New Independent Registered Public Accounting Firm.

The Registrant has engaged Gruber as its new independent certified public accounting firm to audit the Registrant’s financial statements December 31, 2009. Prior to such engagement, the Registrant did not consult such firm on any of the matters referenced in Item 302(a)(2) of Regulation S-K during the two most recent years or any subsequent interim period prior to engaging Gruber.

Item 9A(T).  Controls and Procedures
 
(a) Evaluation of Disclosure Controls and Procedures

The Company maintains controls and procedures designed to ensure that information required to be disclosed in the reports that the Company files or submits under the Exchange Act is recorded, processed, summarized and reported within the time periods specified in the rules and forms of the Securities and Exchange Commission.  Our Chief Executive and Financial Officer evaluated, with the participation of other members of management, the effectiveness of the Company’s disclosure controls and procedures (as defined in Exchange Act Rule 15d-15(e)), as of the end of the period covered by this Annual Report on Form 10-KSB.
 
(b) Changes in Internal Controls

The Company made no significant changes in its internal controls or in other factors that could significantly affect these controls subsequent to the date of the evaluation of those controls by the Chief Executive and Financial Officer.

Item 9B.  Other Information


Subsequent Events

Acquisition of Control of Aultra Gold, Inc.
On December 31, 2009, pursuant to a Stock Purchase Agreement by and among the Company, Rauno Perttu, Strategic Minerals Inc., a Nevada corporation, and Aultra Gold Capital Inc., a Turks and Caicos corporation, the Company acquired controlling interest of Aultra Gold for a purchase price of One Million newly-issued shares of the Company’s common stock, par value $0.001 per share.

Employment Agreements
On December 31, 2009 the Company entered into an employment agreement with Mr. Daniel Hollis the Company’s Chief Executive Officer for an initial one year period. The agreement may be renewed at the option of the Corporation for successive one year periods. The agreement provides for an annual salary of $96,000.

On December 31, 2009 the Company entered into an employment agreement with Mr. Rauno Perttu the Company’s Chief Operating Officer for an initial one year period. The agreement may be renewed at the option of the Corporation for successive one year periods. The agreement provides for an annual salary of $96,000.

Acquisition of Aultra Gold, Inc.’s Assets
On January 6, 2010, the Company entered into an Asset Purchase Agreement with Aultra Gold, Inc. effective as of December 31, 2009.  Pursuant to the Agreement, the Company acquired all of Aultra Gold’s assets.
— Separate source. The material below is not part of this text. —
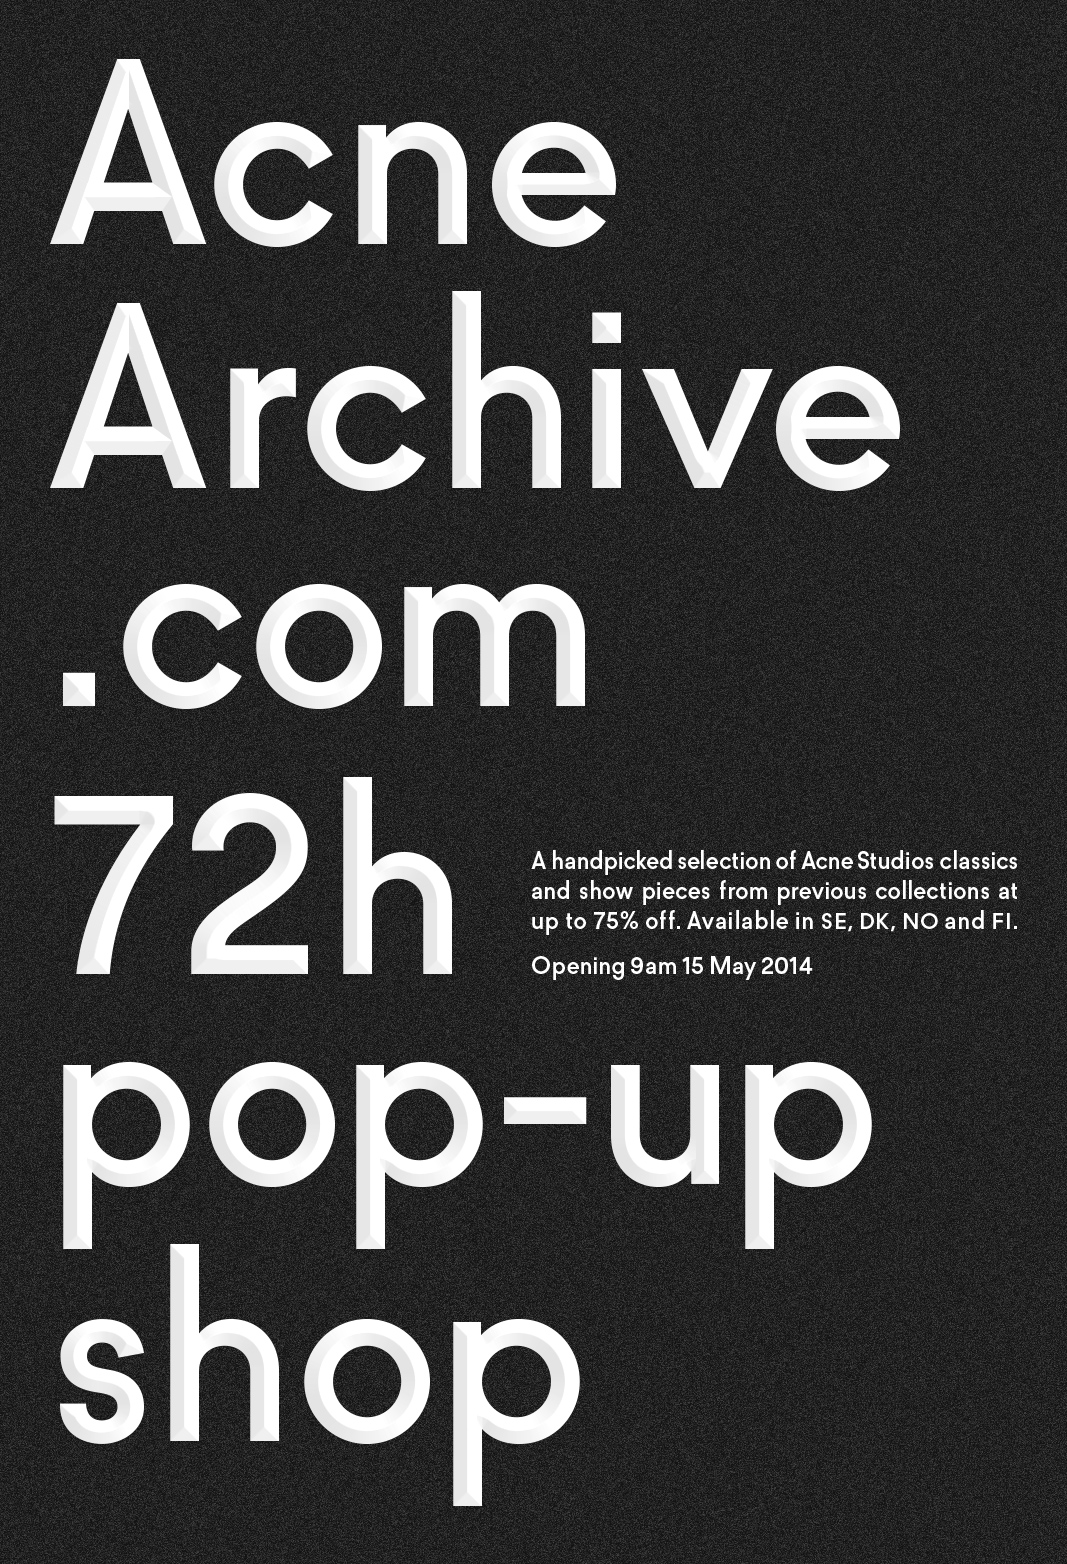 Acne_Archive-Flyer1

As consideration for these assets, the Company issued 9,614,667 shares of its common stock, par value $0.001 per share, to Aultra Gold.
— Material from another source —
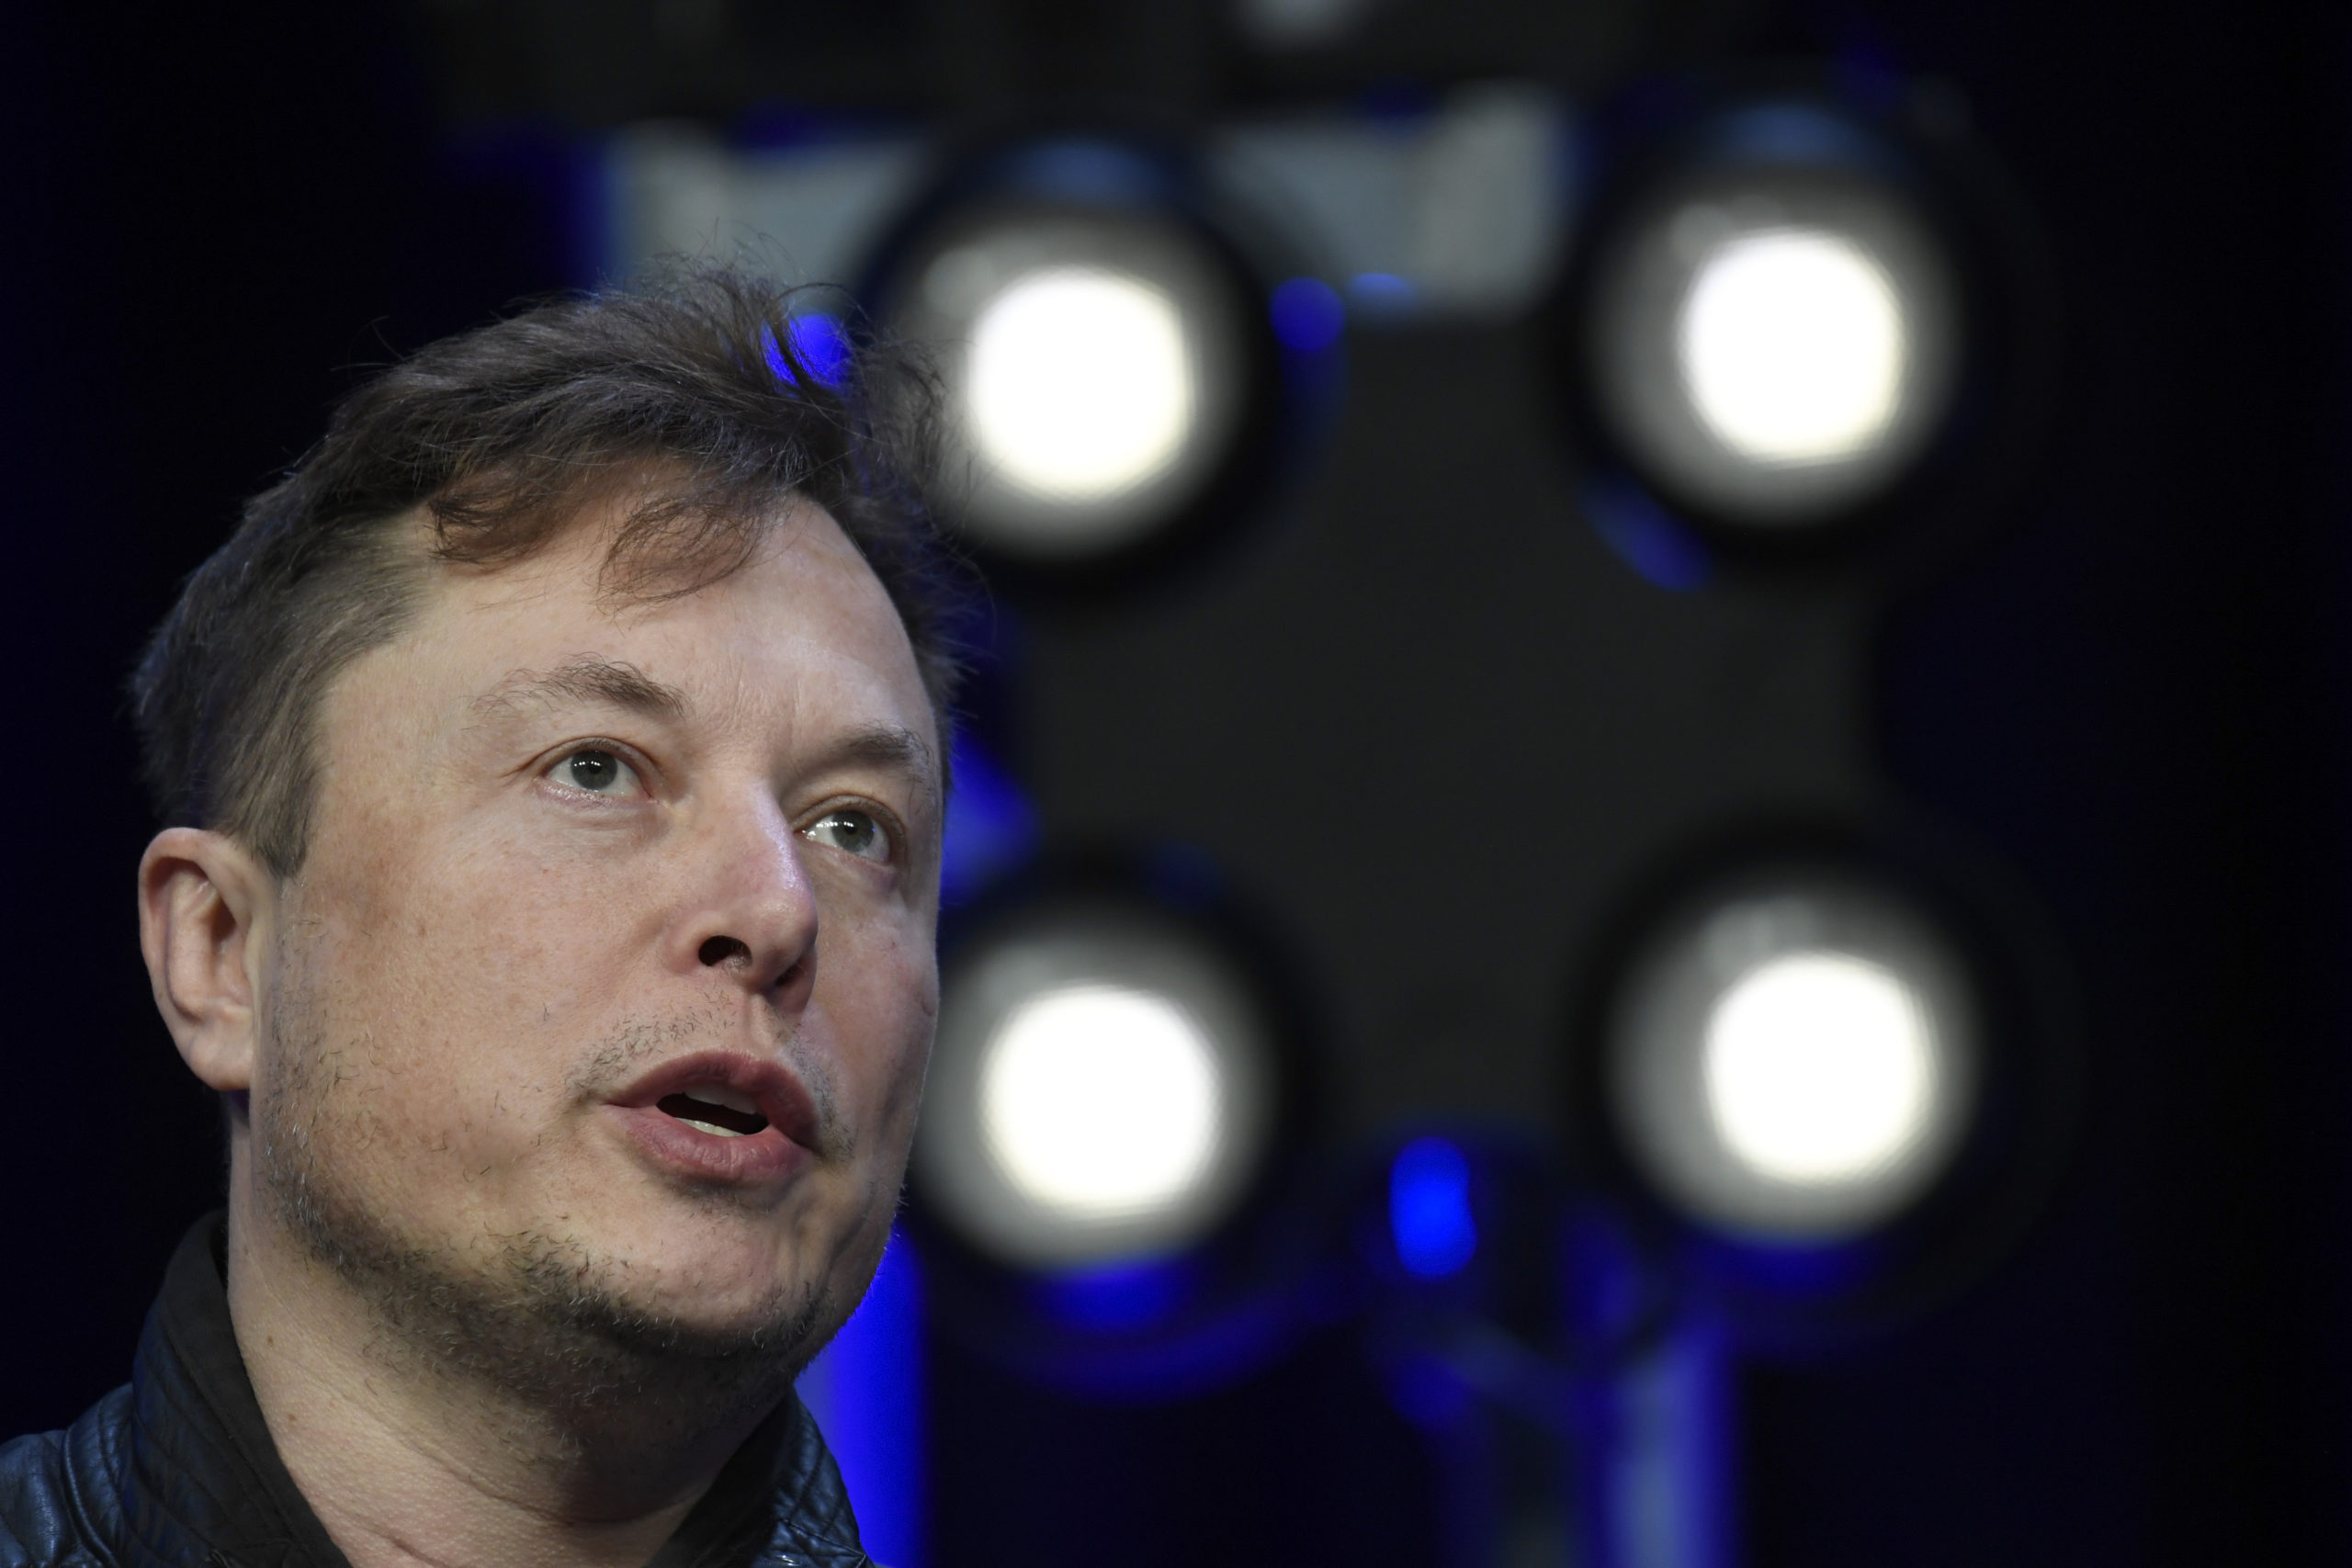 Tesla CEO Elon Musk speaks at a conference in Washington, D.C., on March 9. Musk and representatives of social media giant Twitter are due in court in October for a trial that will decide whether the world's richest man will be forced to complete his agreed-to $44 billion acquisition of Twitter.

In accordance with the transaction, the Company acquired substantially all of the assets related to Aultra Gold’s gold and mineral business, including inventory, accounts receivable, certain supply and distribution and other vendor contracts, good will and other various assets and intangibles. The parties made customary representations, warranties and indemnities that are typical and consistent for a transaction of this size and scope.

In January 2010, the Company announced that an independent consulting geologist conducted an NI 43-101 compliant report, indicating the mineral resource at the Basin Gulch property was sizeable. That report is available as a Form 8K at www.sec.gov and on the Company website, www.dutchgold.com


PART III

Item 10. Directors, Executive Officers, Promoters and Control Persons; Compliance with Section 16(a) of the Exchange Act.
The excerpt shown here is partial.